* _Task objective_
Print the data once more, exactly as given. Drop the pictures.

* _Source material_
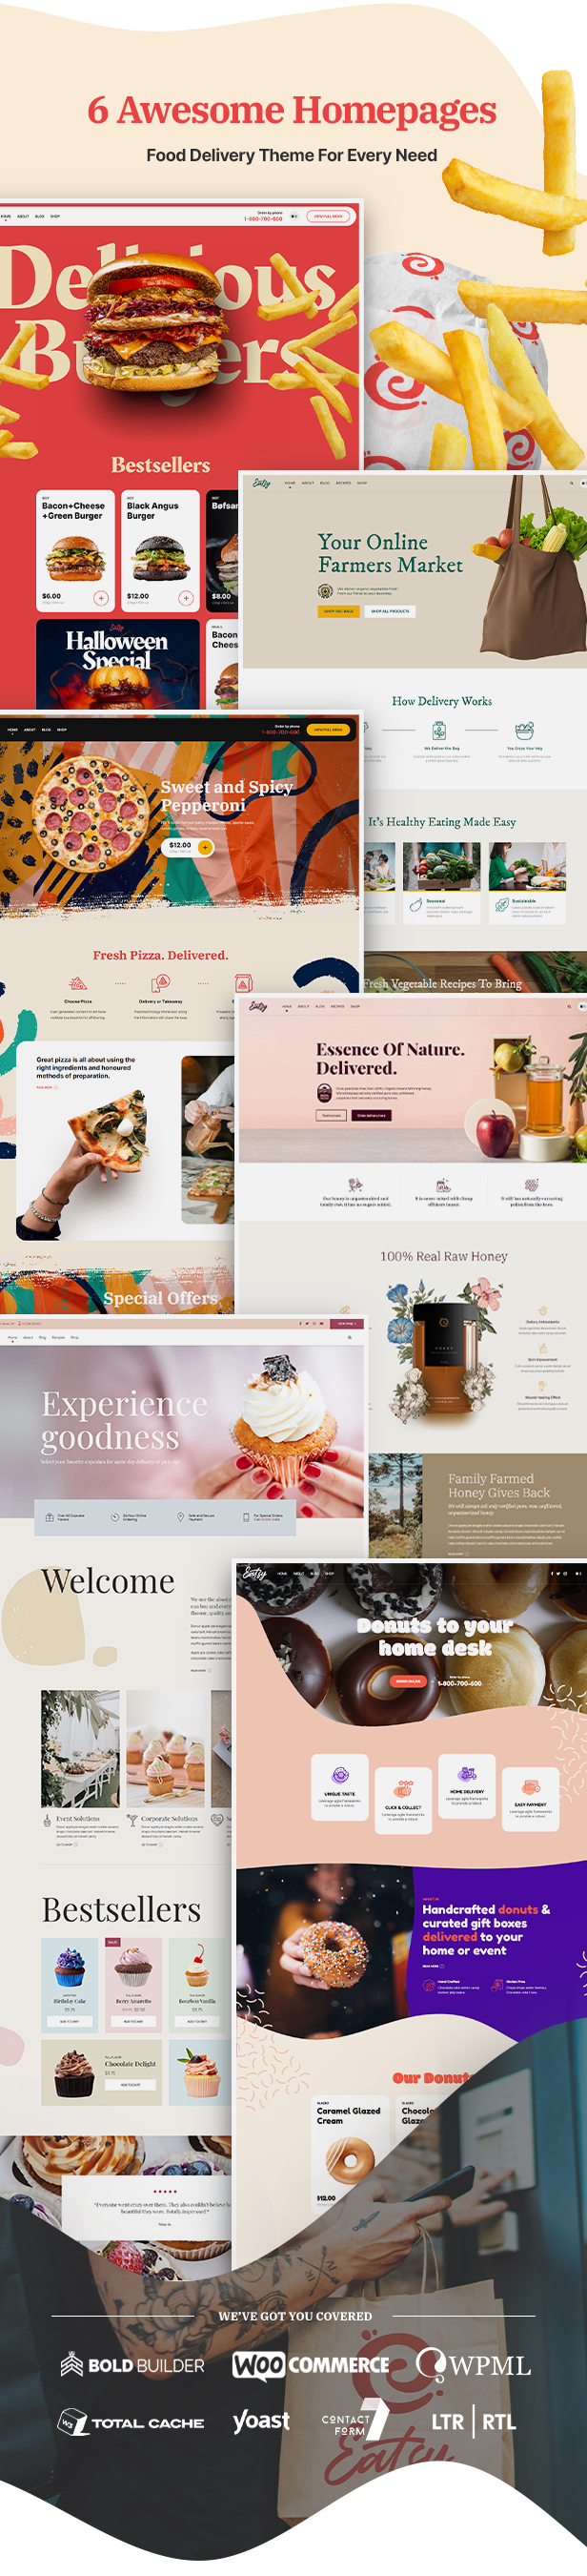 A selection of great food delivery restaurants WordPress theme pages.
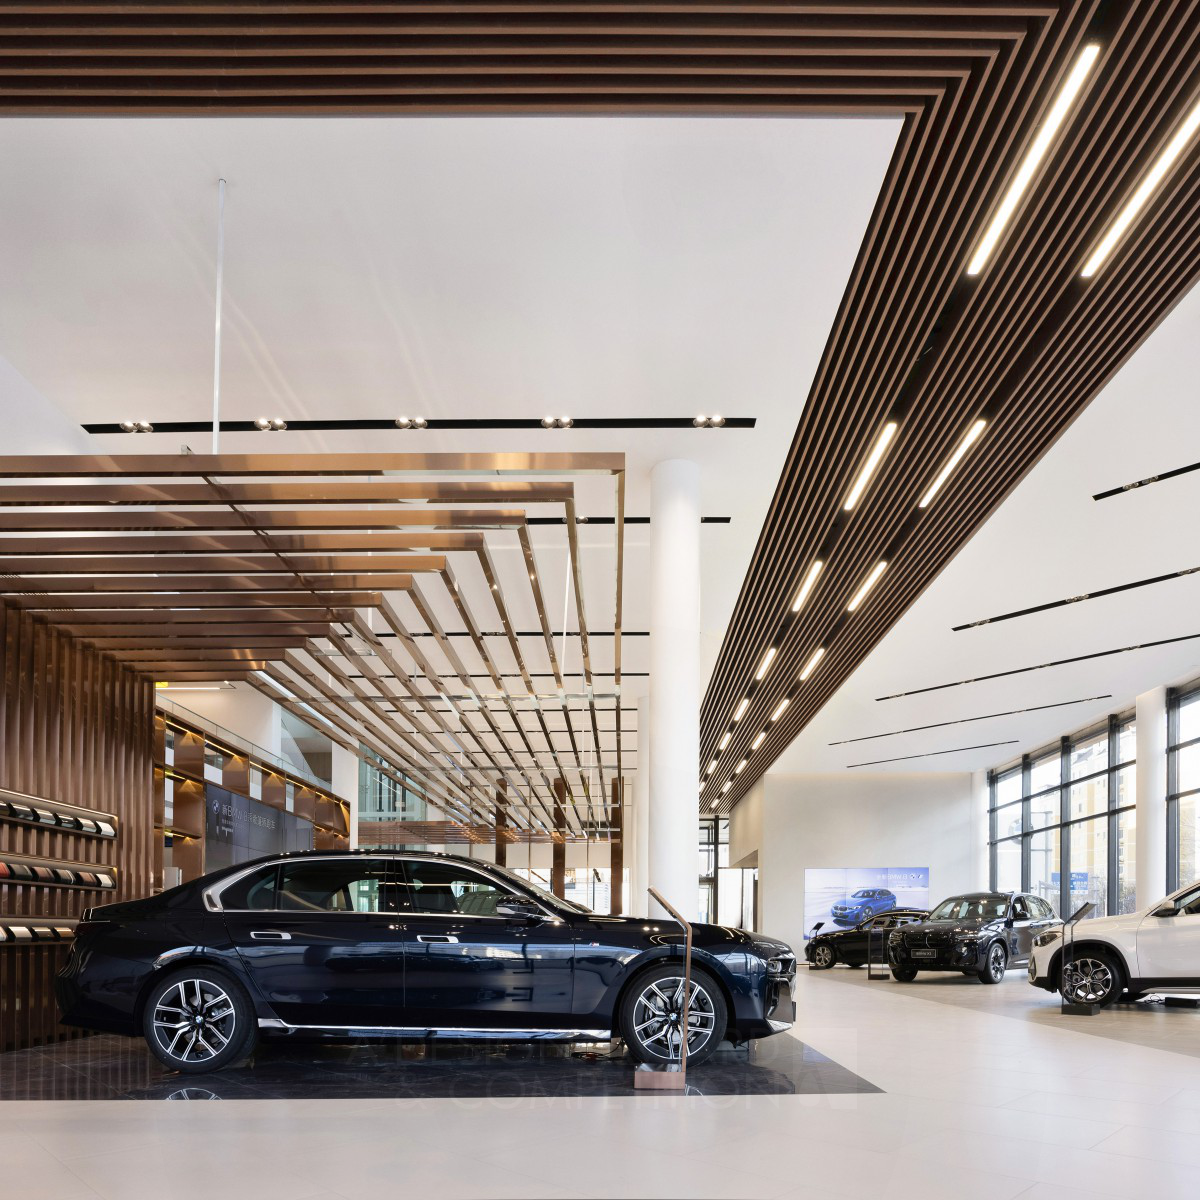 Yixian Chen wins Silver at the prestigious A' Interior Space, Retail and Exhibition Design Award with Rongbaohang BMW 5S Store.
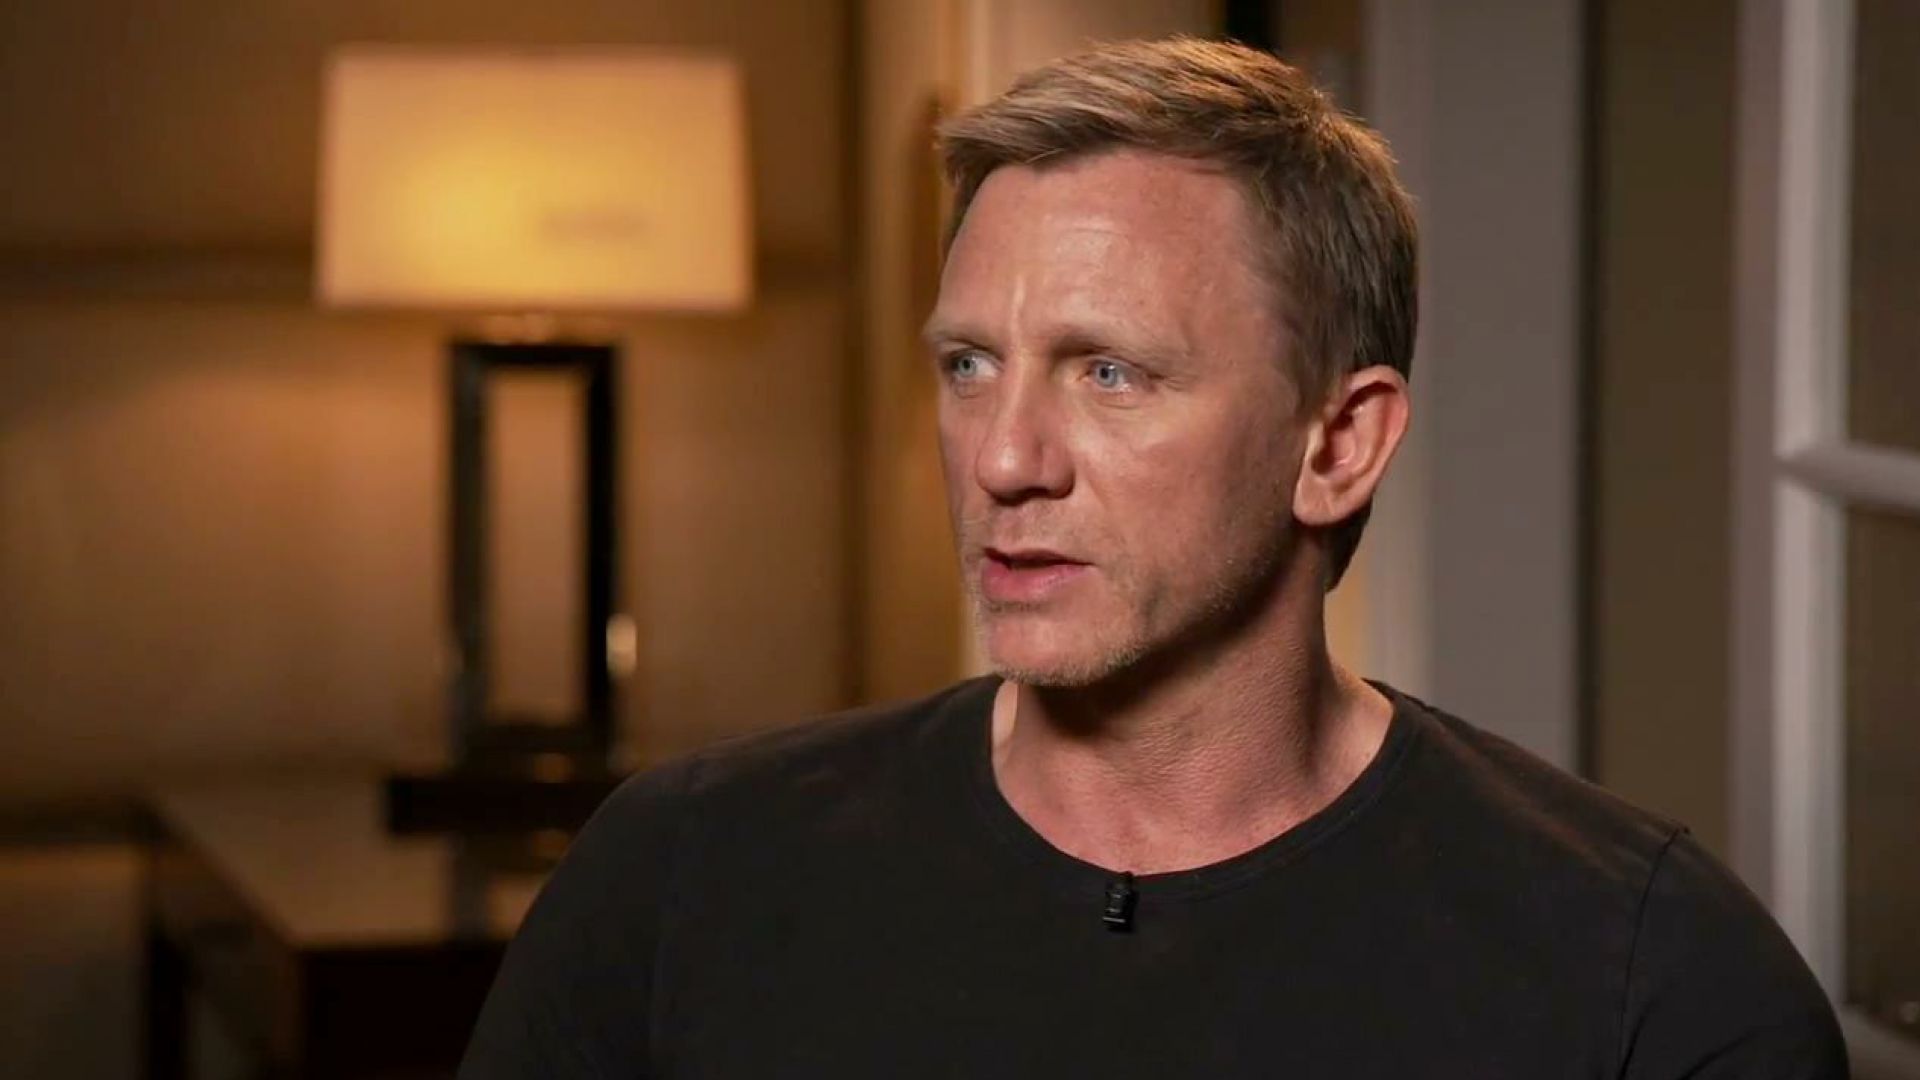 Daniel Craig talks about the movie and his character in Girl with the Dragon Tattoo

* _Response box_
 A selection of great food delivery restaurants WordPress theme pages.
 Yixian Chen wins Silver at the prestigious A' Interior Space, Retail and Exhibition Design Award with Rongbaohang BMW 5S Store.
 Daniel Craig talks about the movie and his character in Girl with the Dragon Tattoo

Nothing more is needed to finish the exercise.